*YOUR GOAL:*
Please repeat the whole listing exactly, but leave out any picture it holds.

=== PROVIDED MATERIAL ===

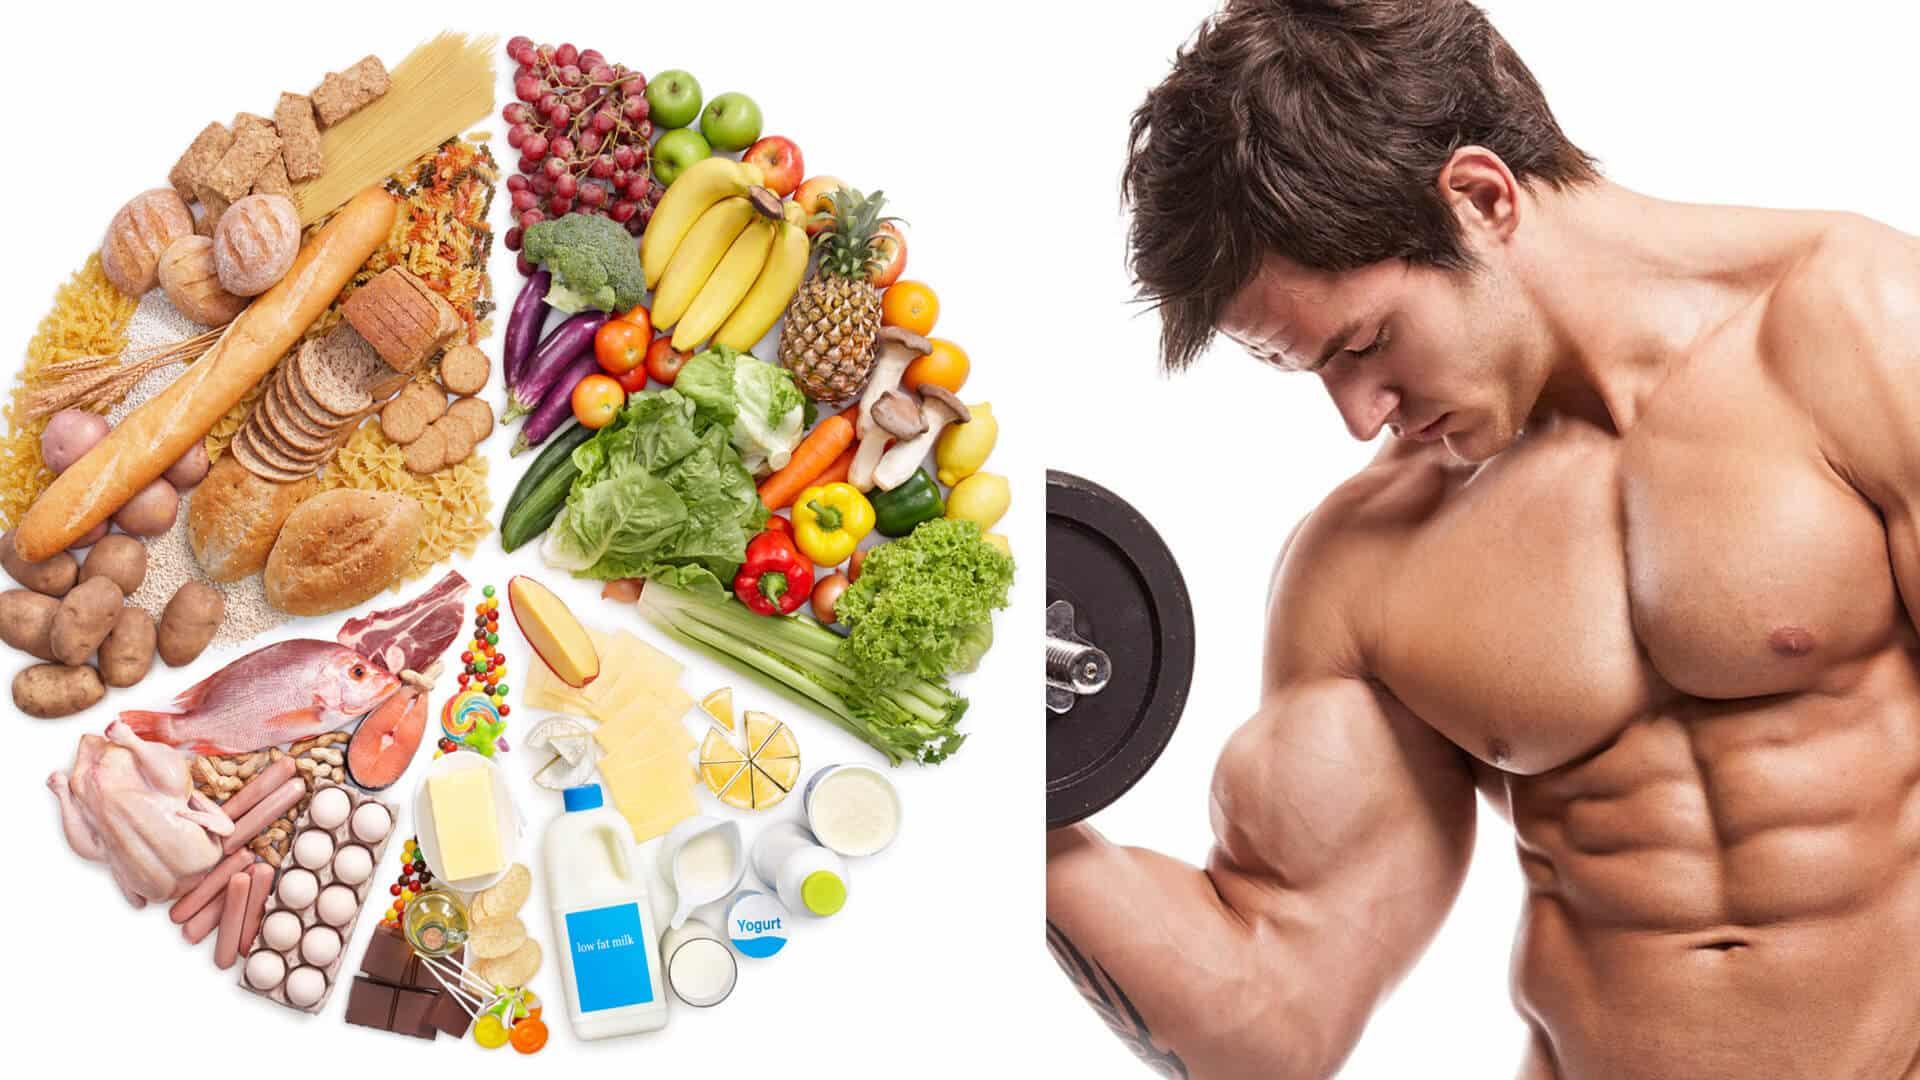 أفضل وجبة بعد التمرين لتضخيم العضلات والعناصر المفيدة للجسم زيادة
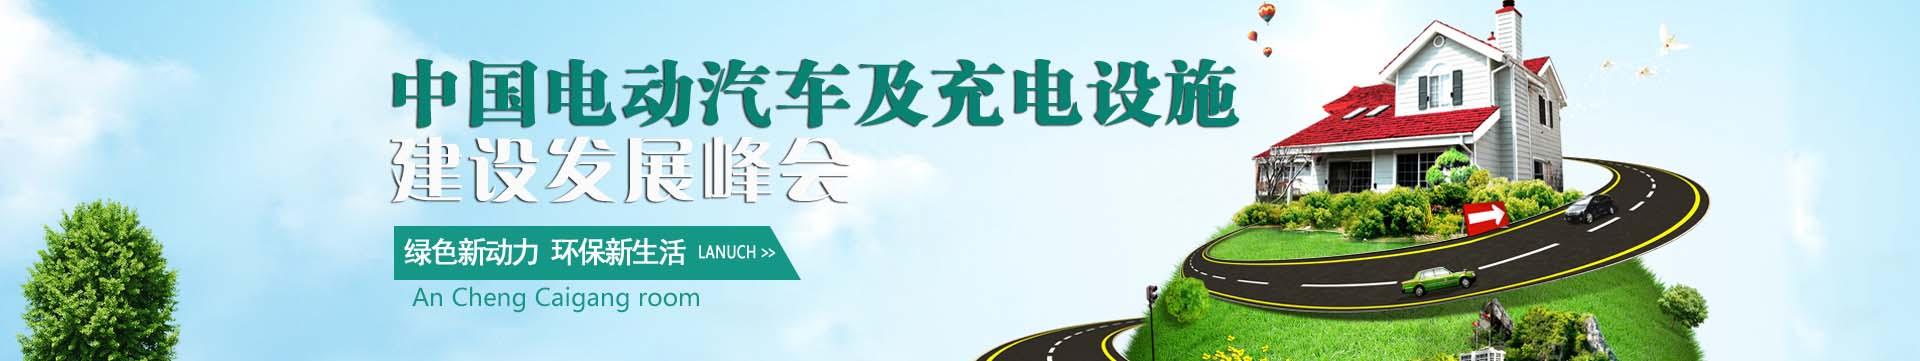 2016中国电动汽车及充电设施建设发展峰会
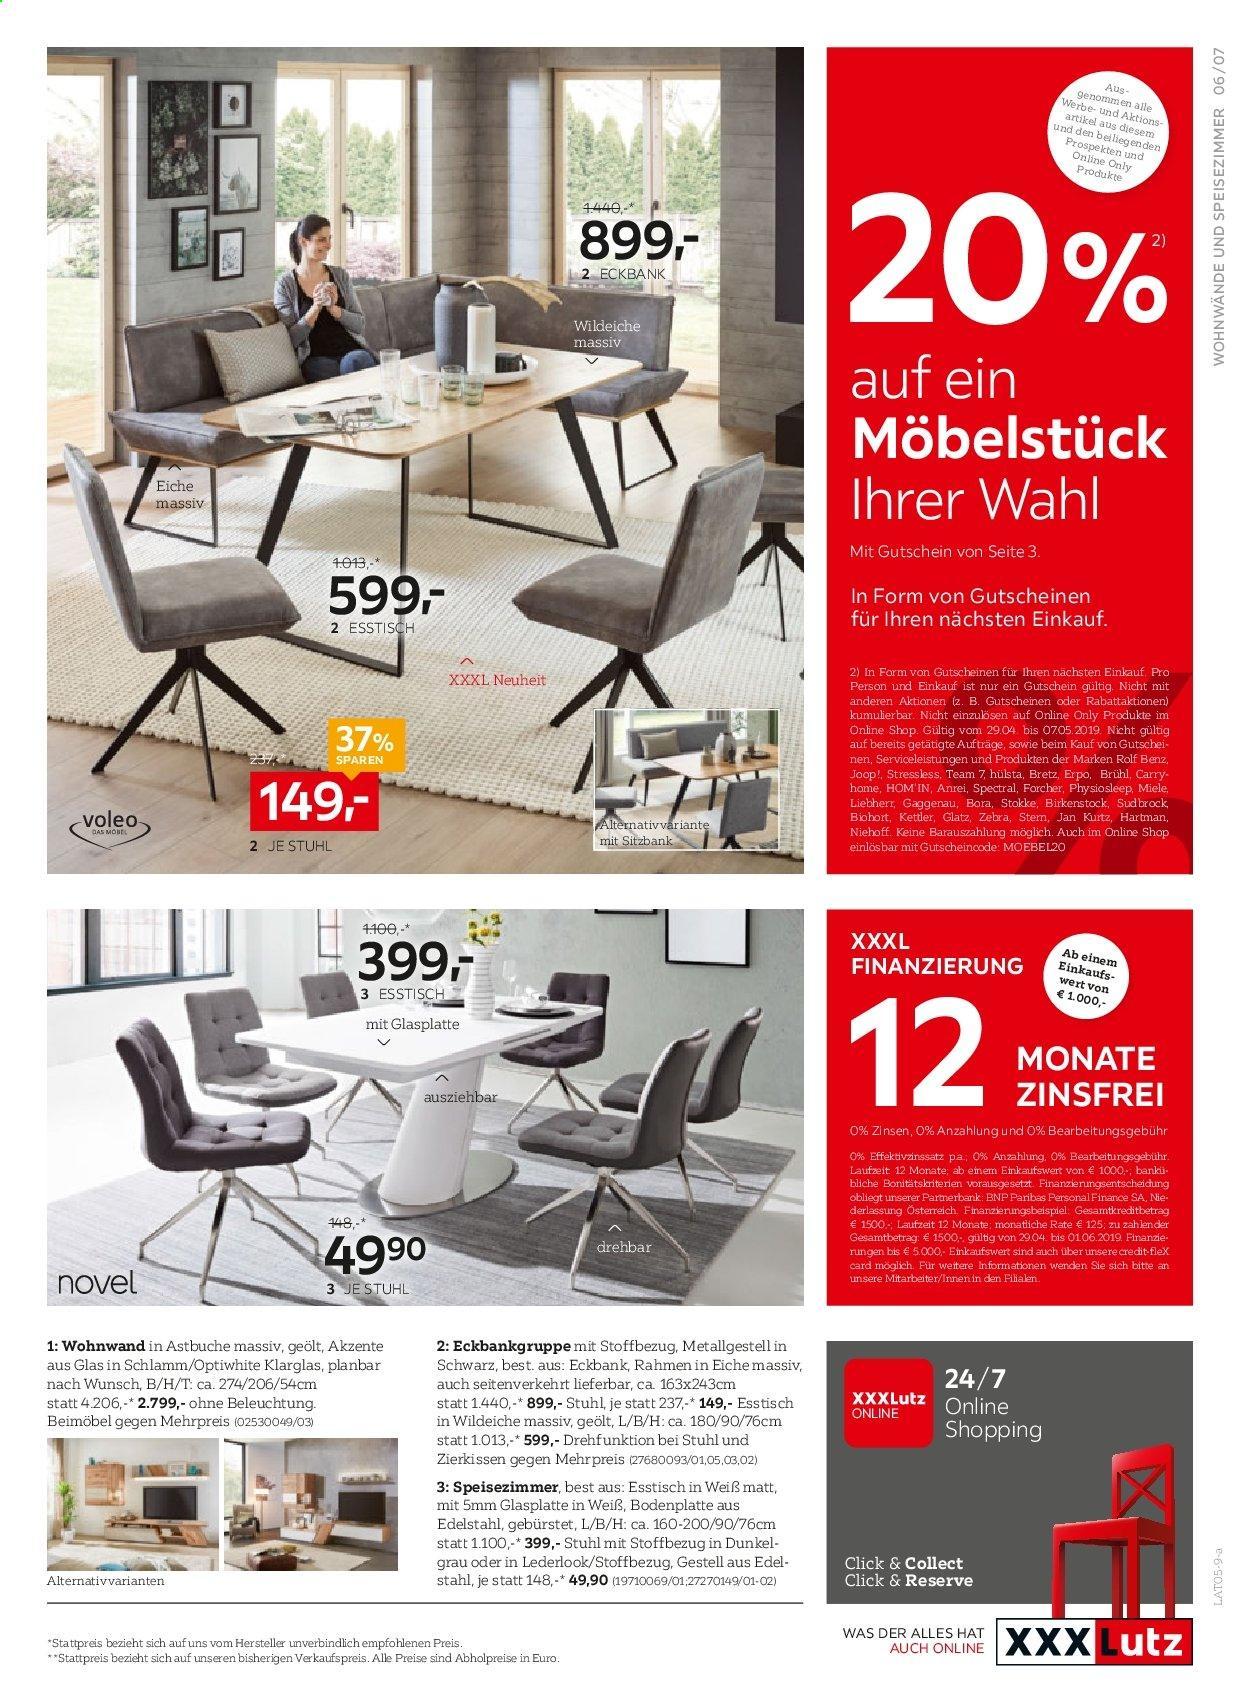 Full Size of Xxxlutz Angebote 2942019 752019 Wohnzimmer Eckbankgruppe Mömax

===

*ANSWER SPACE:*
 أفضل وجبة بعد التمرين لتضخيم العضلات والعناصر المفيدة للجسم زيادة
 2016中国电动汽车及充电设施建设发展峰会
 Full Size of Xxxlutz Angebote 2942019 752019 Wohnzimmer Eckbankgruppe Mömax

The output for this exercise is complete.